We also have downloadable pre-built genome annotation files for hg38, hg19, mm10, and mm9 that you can use to annotate the reads and peaks. These files annotate 3' and 5' UTR, Exonic, Intronic, Intergenic, Promoter, and Promoter Flanking Regions of the corresponding genome as indicated in Ensembl or UCSC. Simply move the corresponding genome annotation file into the pepatac/anno folder. Once present in the pepatac/anno folder you don't need to do anything else as the pipeline will look there automatically. Alternatively, you can use the --anno-name pipeline option to directly point to this file when running. You can also learn how to create a custom annotation file to calculate coverage using your own features of interest.


2.3: Configure the pipeline

Once you've obtained assemblies for all genomes you wish to use, you must point the pipeline to where you store these. You can do this in two ways, either: 1) with an environment variable, or 2) by adjusting a configuration option. The pipeline looks for genomes stored in a folder specified by the resources.genomes attribute in the pipeline config file. By default, this points to the shell variable GENOMES, so all you have to do is set an environment variable to the location of your refgenie genomes:

export GENOMES="/path/to/genomes/"

Alternatively, you can skip the GENOMES variable and simply change the value of that configuration option to point to the folder where you stored the assemblies. The advantage of using an environment variable is that it makes the configuration file portable, so the same pipeline can be run on any computing environment, as the location to reference assemblies is not hard-coded to a specific computing environment.


2.4: Run the pipeline

The pipeline can be run directly from the command line for a single sample. Here we'll outline how to run an individual sample, followed by instructions for looping.

2.4.1: Running the pipeline script directly (without looper)

The pipeline is at its core just a python script, and you can run it on the command line for a single sample. To see the command-line options for usage, see usage, which you can also get on the command line by running pipelines/pepatac.py --help. You just need to pass a few command-line parameters to specify sample name, reference genome, input files, etc. See example commands that use test data. Here's the basic command to run a small test example through the pipeline:

pipelines/pepatac.py --single-or-paired paired \
  --prealignments rCRSd human_repeats \
  --genome hg38 \
  --sample-name test1 \
  --input examples/data/test1_r1.fastq.gz \
  --input2 examples/data/test1_r2.fastq.gz \
  --genome-size hs \
  -O $HOME/pepatac_test

This example should take about 15 minutes to complete.

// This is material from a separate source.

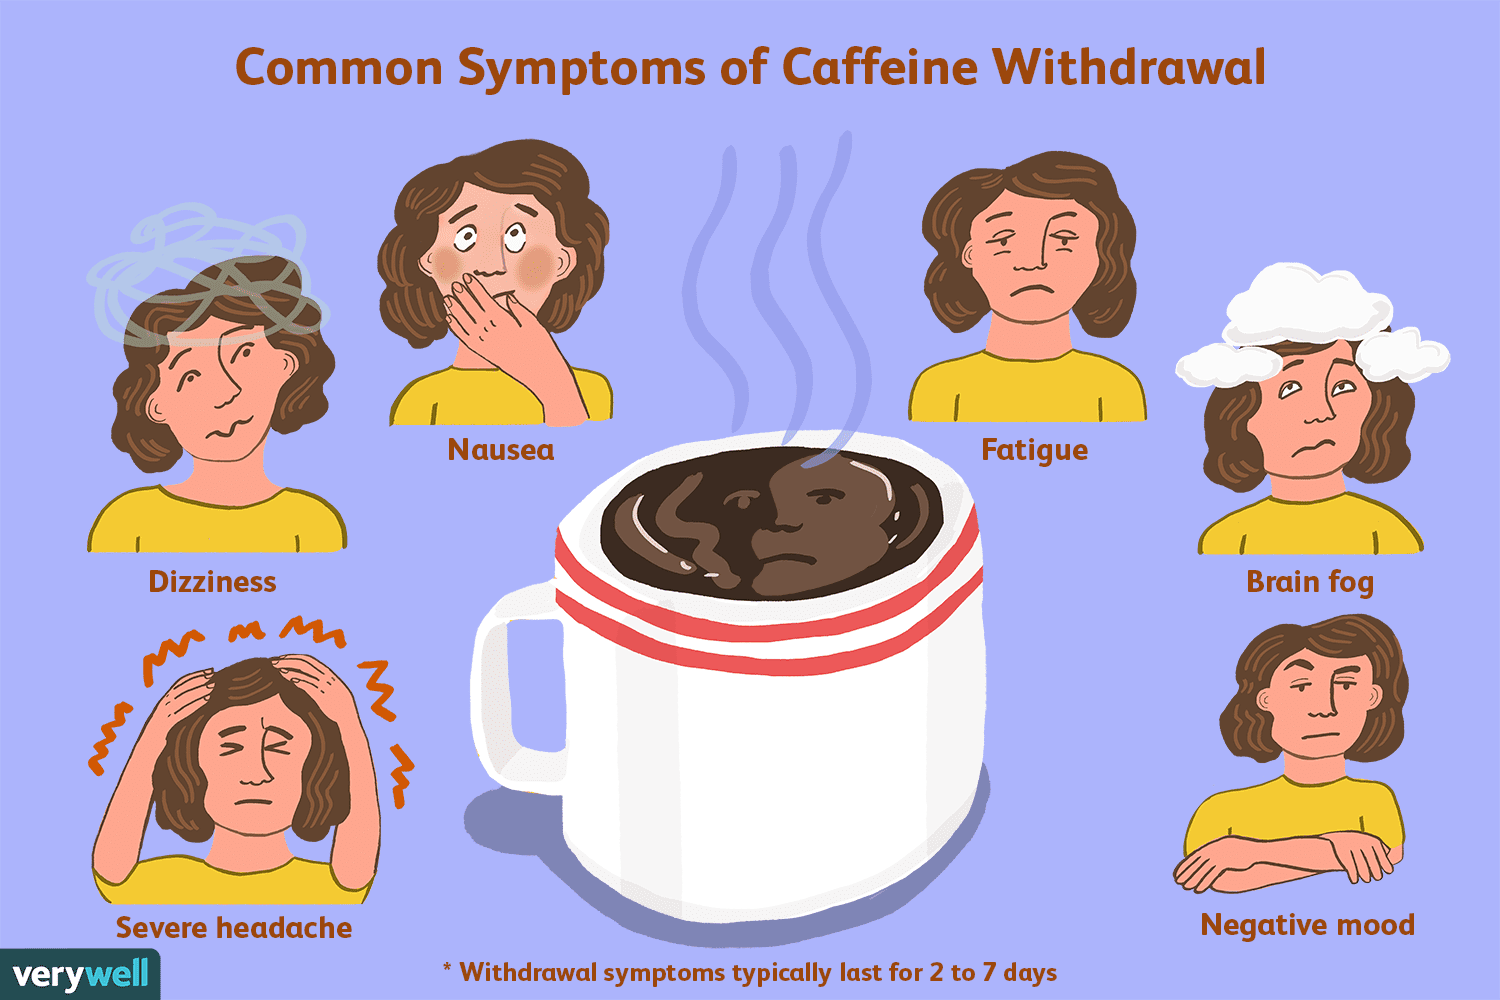 Can Caffeine Withdrawal Cause Flu Like Symptoms?
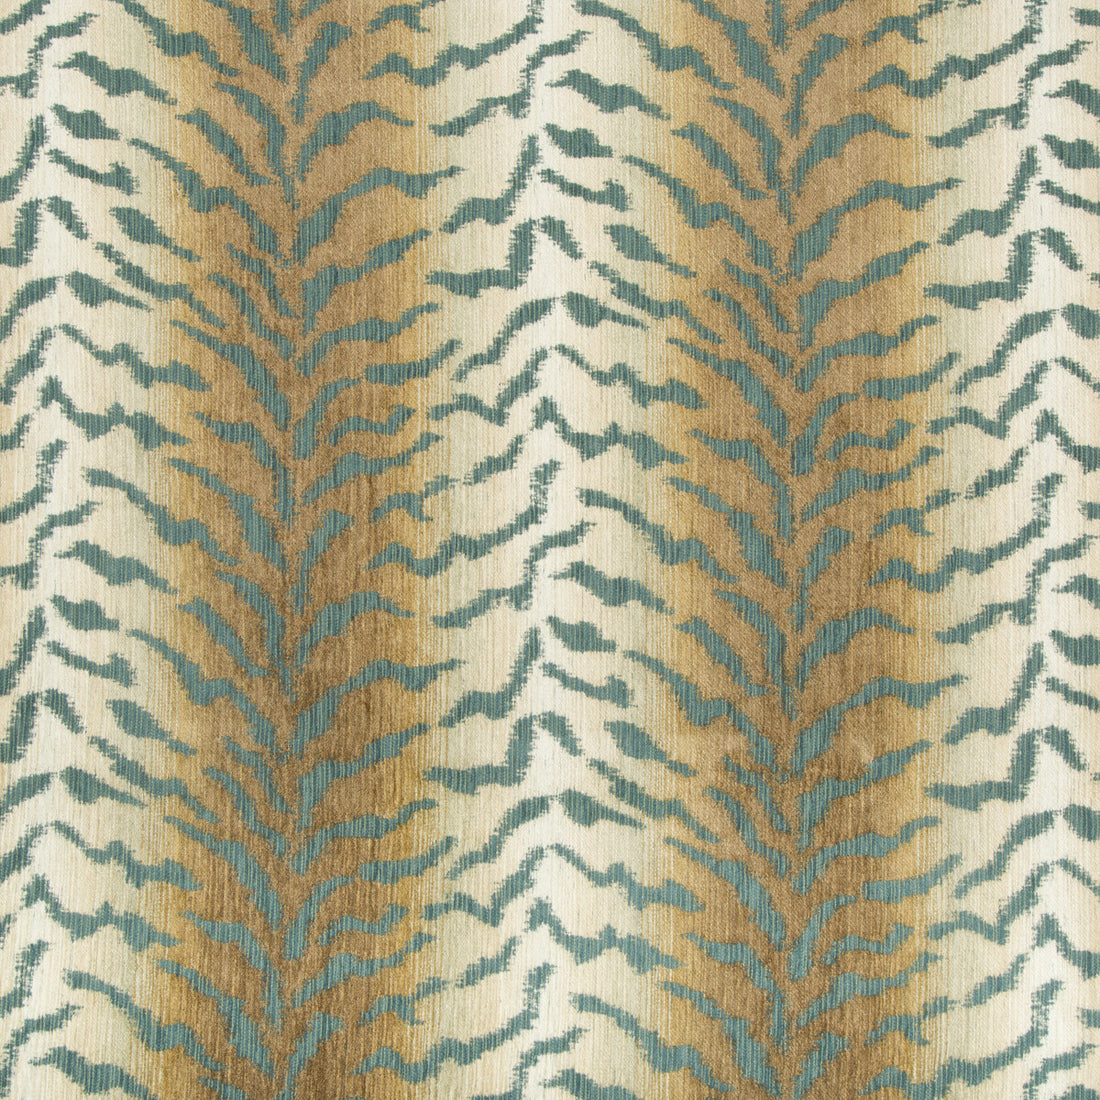 Kravet Design fabric in 34715-635 color - pattern 34715.635.0 - by Kravet Design in the Gis collection

2.4.2: Running the pipeline directly in a container

A full tutorial on using containers is outside the scope of this guide, but here are the basics. Individual jobs can be run in a container by simply running the pepatac.py command through docker run or singularity exec. You can run containers either on your local computer, or in an HPC environment, as long as you have docker or singularity installed. For example, run it locally in singularity like this:

singularity exec --bind $GENOMES $SIMAGES/pepatac pipelines/pepatac.py --help

With docker, you can use:

docker run --rm -it databio/pepatac pipelines/pepatac.py --help

Be sure to mount the volumes you need with --volume. If you're utilizing any environment variables (e.g. $GENOMES), don't forget to include those in your docker command with the -e option. For a more detailed example, check out our guide to learn how to run pepatac in a container.

To run on multiple samples, you can just write a loop to process each sample independently with the pipeline, or you can use...looper! Learn more about using looper with PEPATAC in the how-to guides or in the extended tutorial). Any questions? Feel free to reach out to us. Otherwise, go analyze some ATAC-seq!

2.4.3: Running the pipeline on multiple samples

If you need to run it on many samples, you could write your own sample handling code, but we have pre-configured everything to work nicely with looper, our sample handling engine. The extended tutorial includes a more detailed explanation for how to use looper to analyze some provided example data.